*** Supplied material ***

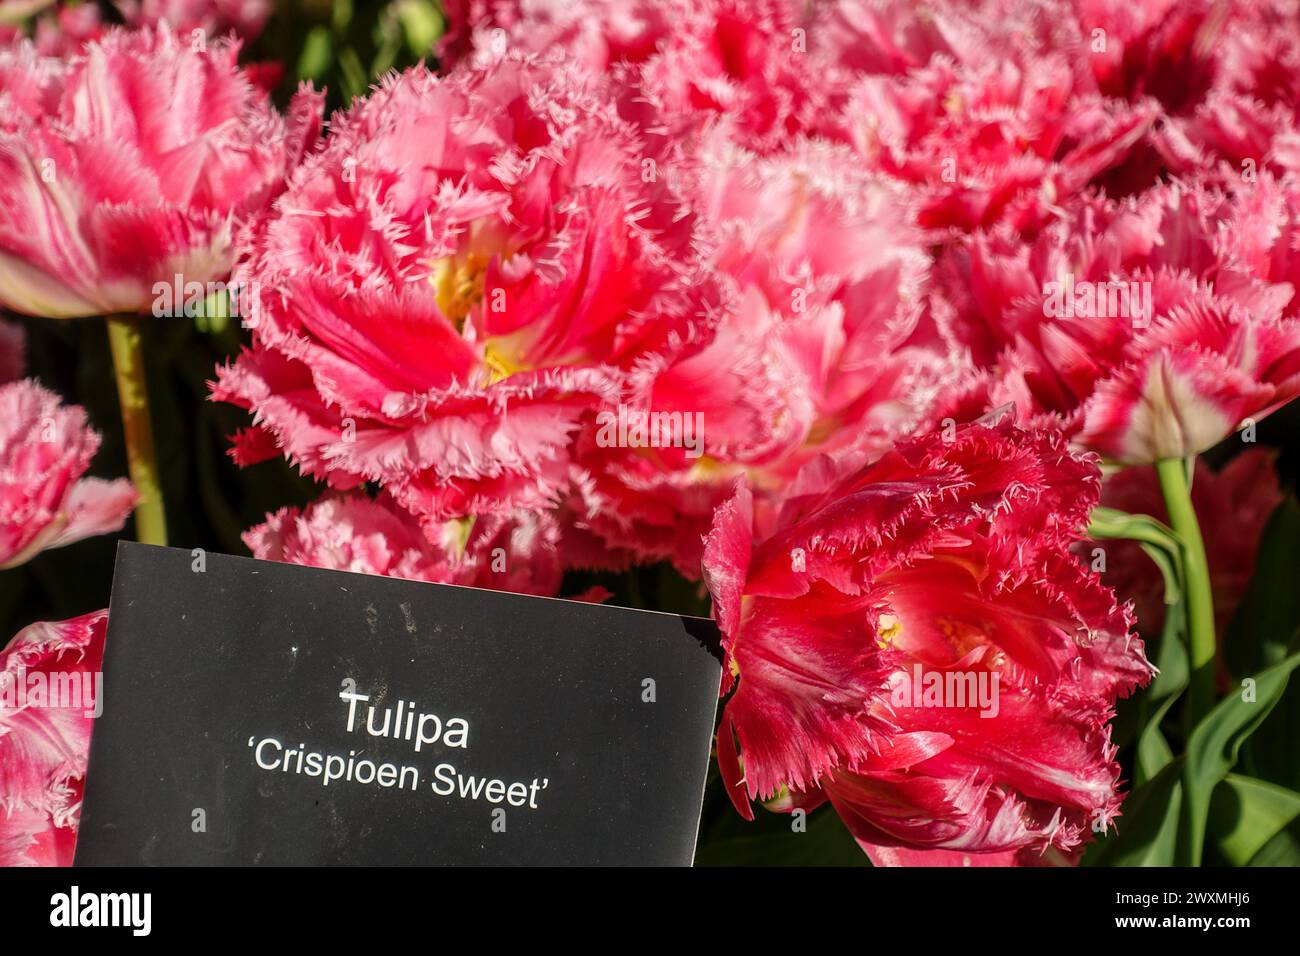 Crispioen Sweet tulipa, rugged tulip variety in the Keukenhof tulip garden, Netherlands Stock Photo
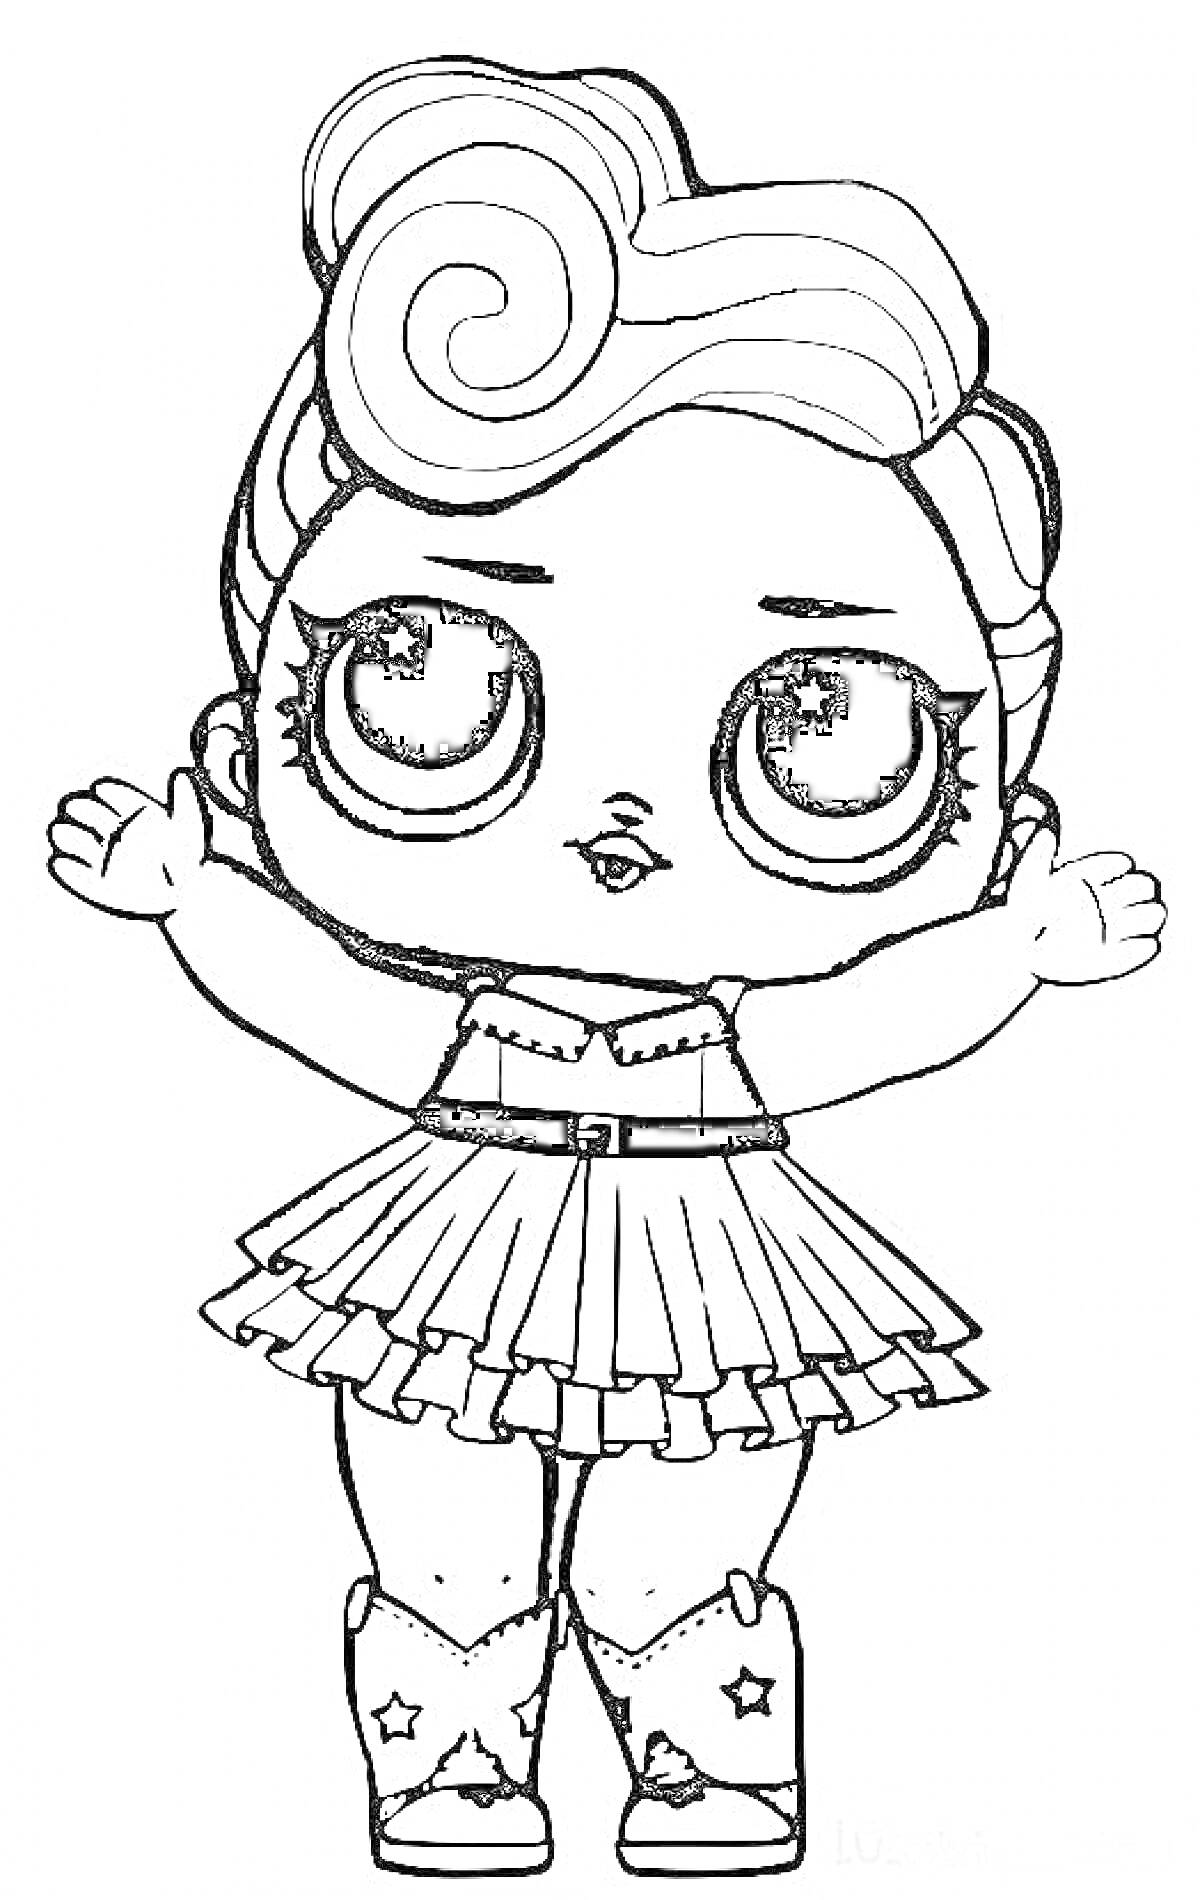 Раскраска Кукла Лол с большими глазами в пышной юбке и сапогах, с завитком волос
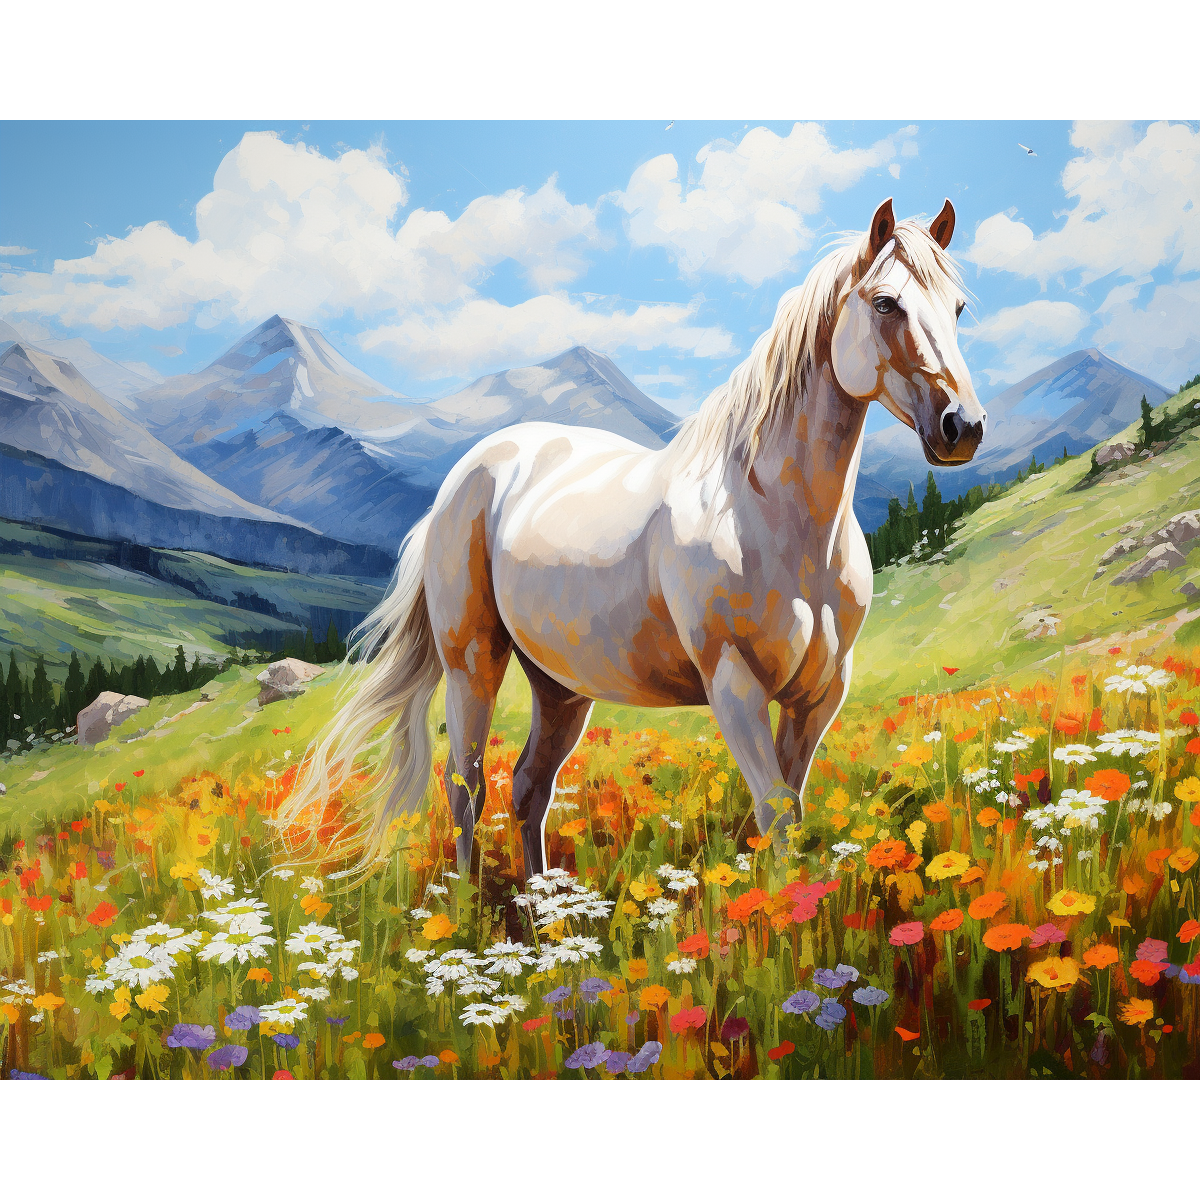 Il cavallo bianco di Meadow Grace
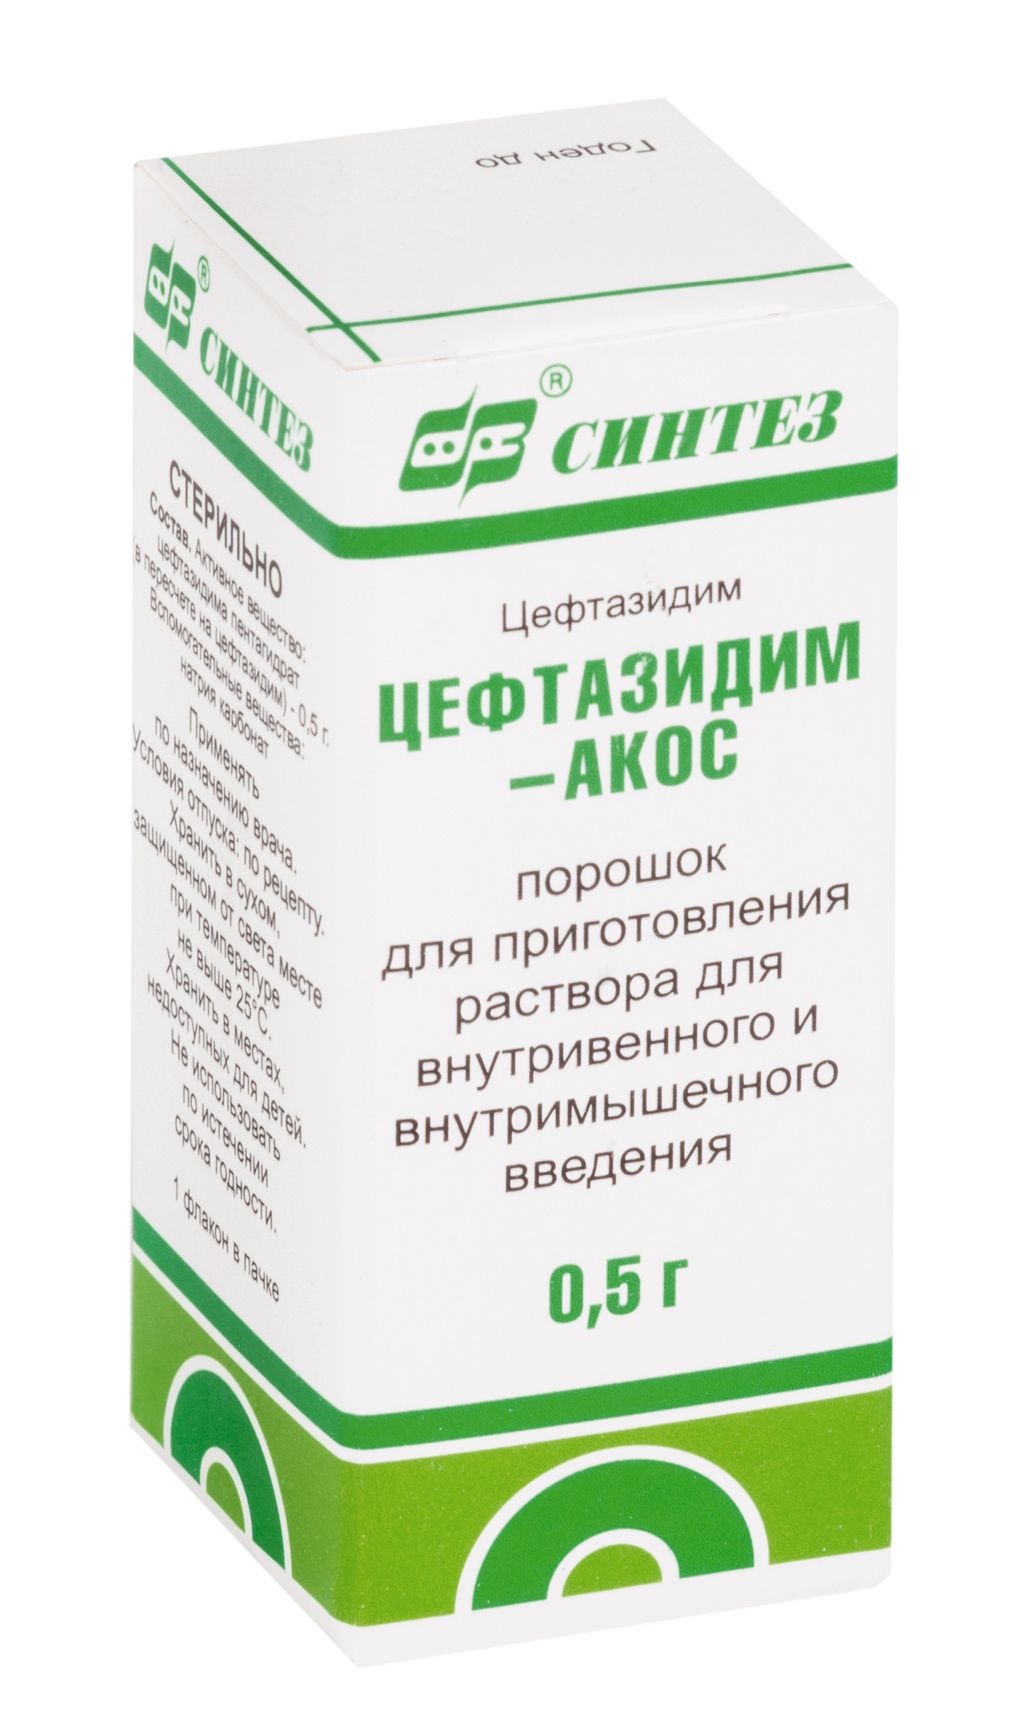 фото упаковки Цефтазидим-АКОС

*** End of Supplied material ***

* **Prompt**
Your response must reproduce the listing above word for word and must contain none of its pictures.

* **Written response**
 Crispioen Sweet tulipa, rugged tulip variety in the Keukenhof tulip garden, Netherlands Stock Photo
 Раскраска Кукла Лол с большими глазами в пышной юбке и сапогах, с завитком волос
 Il cavallo bianco di Meadow Grace
 фото упаковки Цефтазидим-АКОС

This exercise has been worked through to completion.